Retired Senator Lowell Murray

For five decades he has moved through the corridors of power in Parliament, from the inner circle in cabinet, to advising in the backrooms, to overseeing issues through the Senate or observing knowingly - and even alarmingly from the side. As Tory Senator Lowell Murray steps into a retirement that is only weeks old, we hear from him why he is disturbed by the politics of power on Parliament Hill.

Part Two of The Current

Retired Senator Lowell Murray

As we watch our MPs return to Parliament Hill on Monday - you might want to think about what you don't know about the politics of Parliament Hill. Our next guest has some insights on that front. Lowell Murray was a senator for so long that when he entered the red chamber there was still a Progressive Conservative Party. In fact, he remained one of only two senators who kept the Progressive in front of the Conservative for the entire 32 years that he sat in the Senate, even as the party changed and changed its name.

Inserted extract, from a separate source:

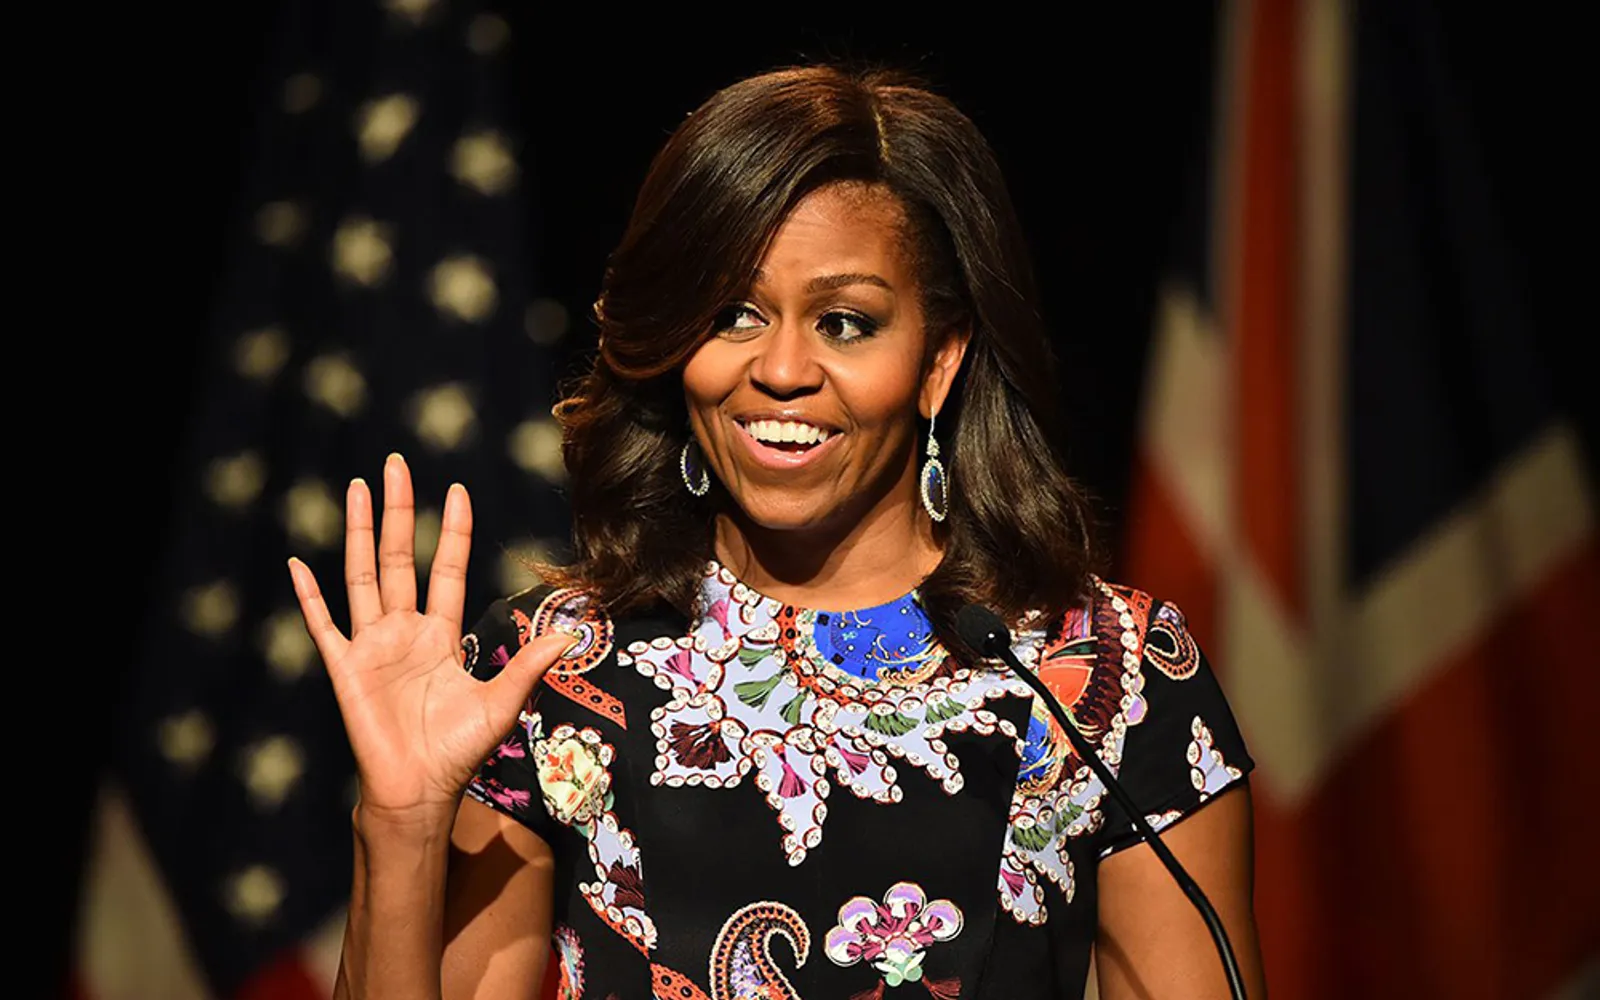 Ini 11 Alasan Kuat Kenapa Netizen Amerika Meminta Michelle Obama Untuk Jadi Presiden USA 2020 

Murray retired last month at age 75. His political career began in 1961, as executive assistant to Davey Fulton, the justice minister in Tory Prime Minister John Diefenbaker's cabinet. He had a ringside seat as parliament passed Medicare and the Canada Pension Plan. It wasn't all success -- as the Federal-Provincial relations minister under Brian Mulroney, he watched the failure of the Meech Lake accord which would have seen Quebec endorse the Constitution.

Lowell Murray has happily flown under the radar in recent years. His send-off from the Senate was without ceremony, and he declined all requests for interviews in the weeks leading up to retirement. But today former Senator Lowell Murray joined us from Ottawa.